Aliku Twalib, Sable Craig, Scheel Amy, Tompsett Alison, Lwabi Peter, Okello Emmy, McCarter Robert, Summar Marshall, Beaton Andrea
School of Medicine, Gulu University, Gulu, Uganda.
Division of Cardiology, Children's National Health System, Washington, District of Columbia, United States of America.
PLoS Negl Trop Dis. 2016 Jun 13;10(6):e0004727. doi: 10.1371/journal.pntd.0004727. eCollection 2016 Jun.
Echocardiographic screening for detection of latent RHD has shown potential as a strategy to decrease the burden of disease. However, further research is needed to determine optimal implementation strategies. RHD results from a complex interplay between environment and host susceptibility. Family members share both and relatives of children with latent RHD may represent a high-risk group. The objective of this study was to use echocardiographic family screening to determine the relative risk of RHD among first-degree relatives of children with latent RHD compared to the risk in first-degree relatives of healthy peers.

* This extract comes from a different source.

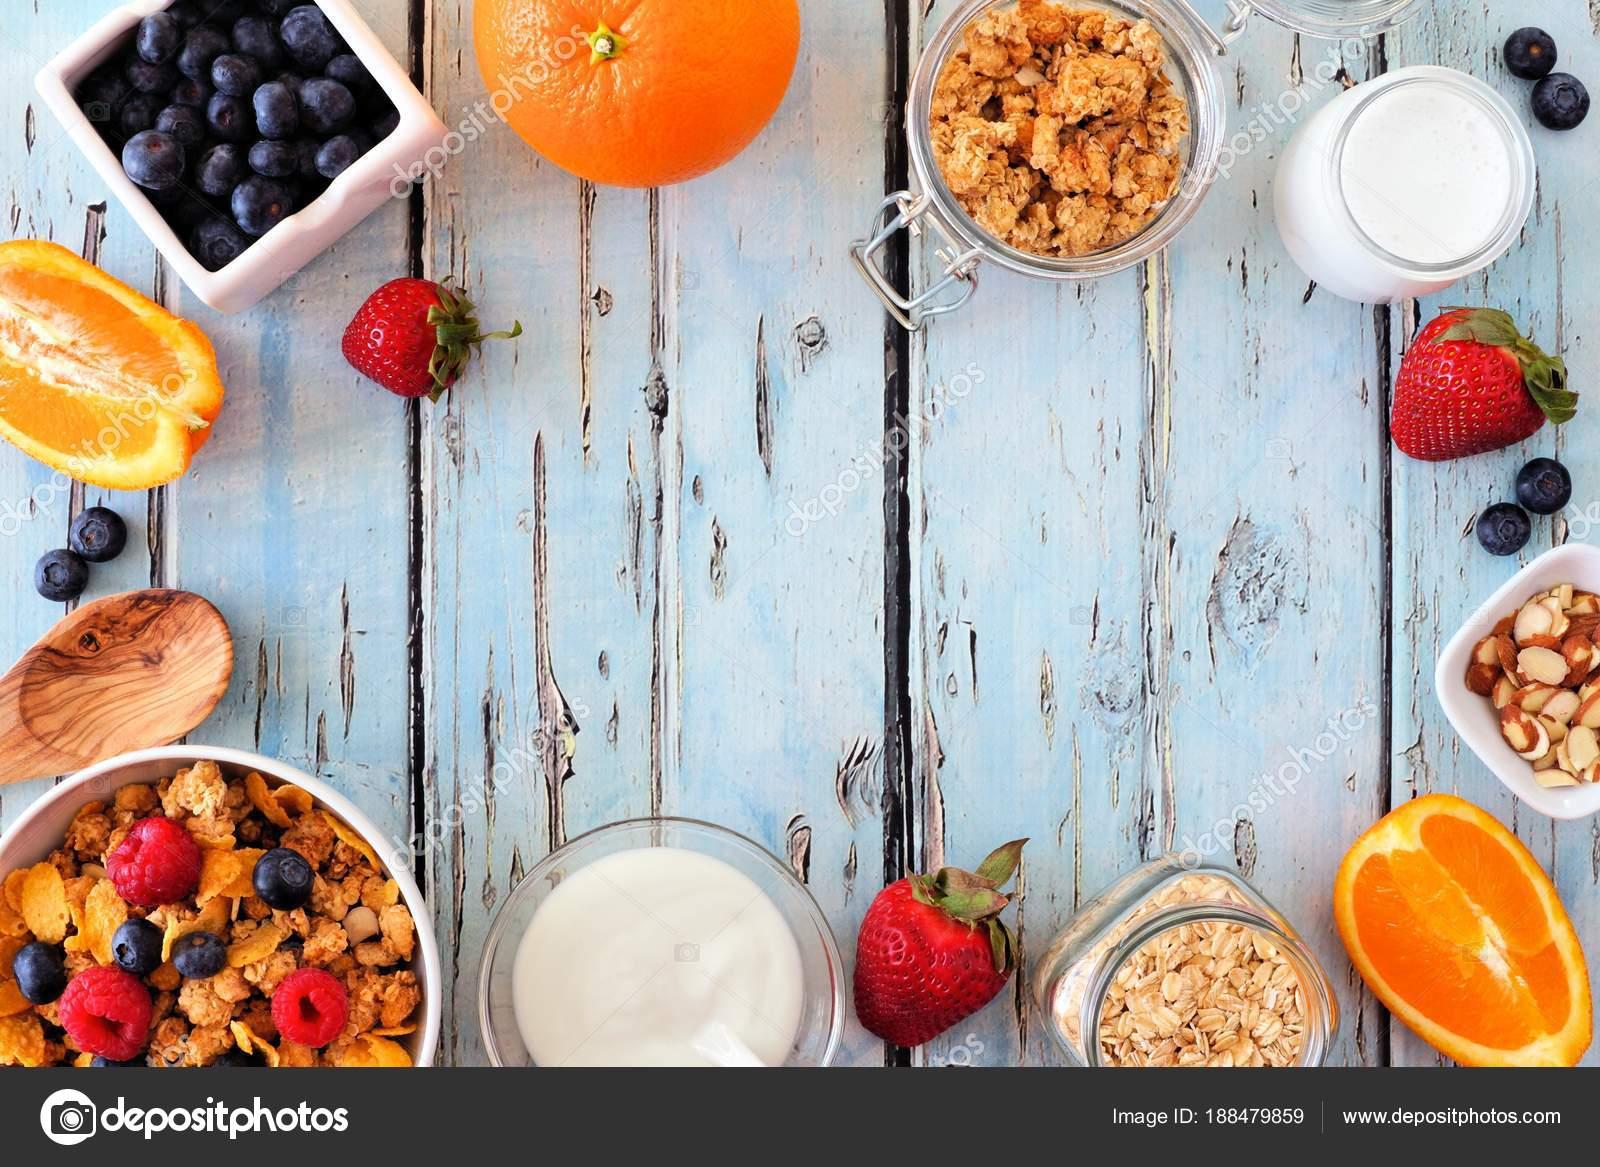 Cereal Ingredients Healthy Breakfast Forming Frame Blue Wood ...

METHODOLOGY/PRINCIPAL FINDINGS: Previous school-based screening data were used to identify RHD positive children and RHD negative peers. All first-degree relatives ≥ 5 years were invited for echocardiography screening (2012 World Heart Federation Criteria). Sixty RHD positive cases (30 borderline/30 definite RHD) and 67 RHD negative cases were recruited. A total of 455/667 (68%) family members were screened. Definite RHD was more common in childhood siblings of RHD positive compared to RHD negative (p = 0.05). Children with any RHD were 4.5 times as likely to have a sibling with definite RHD, a risk that increased to 5.6 times when considering only cases with definite RHD. Mothers of RHD positive and RHD negative cases had an unexpectedly high rate of latent RHD (9.3%).
CONCLUSIONS/SIGNIFICANCE: Siblings of RHD positive cases with RHD are more likely to have definite RHD and the relative risk is highest if the index case has definite RHD. Future screening programs should consider implementation of sibling screening following detection of an RHD positive child. Larger screening studies of adults are needed, as data on prevalence of latent RHD outside of childhood are sparse. Future studies should prioritize implementation research to answer questions of how RHD screening can best be integrated into existing healthcare structures, ensuring practical and sustainable screening programs.
超声心动图筛查潜在风湿性心脏病(RHD)已显示出作为减轻疾病负担策略的潜力。然而,需要进一步研究以确定最佳实施策略。RHD是环境与宿主易感性之间复杂相互作用的结果。家庭成员共享这两者,患有潜在RHD的儿童的亲属可能代表高危人群。本研究的目的是使用超声心动图家庭筛查来确定患有潜在RHD的儿童的一级亲属中RHD的相对风险与健康同龄人的一级亲属中的风险相比。
方法/主要发现:以前基于学校的筛查数据用于识别RHD阳性儿童和RHD阴性同龄人。所有≥5岁的一级亲属均被邀请进行超声心动图筛查(2012年世界心脏联合会标准)。招募了60例RHD阳性病例(30例临界/30例确诊RHD)和67例RHD阴性病例。总共455/667(68%)名家庭成员接受了筛查。与RHD阴性儿童的童年兄弟姐妹相比,RHD阳性儿童的童年兄弟姐妹中确诊RHD更为常见(p = 0.05)。任何患有RHD的儿童有确诊RHD的兄弟姐妹的可能性是4.5倍,仅考虑确诊RHD病例时,这一风险增加到5.6倍。RHD阳性和RHD阴性病例的母亲中潜在RHD的发生率出乎意料地高(9.3%)。
结论/意义:患有RHD的RHD阳性病例的兄弟姐妹更有可能患有确诊RHD,如果索引病例患有确诊RHD,相对风险最高。未来的筛查计划应考虑在检测到RHD阳性儿童后实施兄弟姐妹筛查。需要对成年人进行更大规模的筛查研究,因为儿童期以外潜在RHD患病率的数据很少。未来的研究应优先进行实施研究,以回答如何将RHD筛查最佳地纳入现有医疗保健结构的问题,确保切实可行且可持续的筛查计划。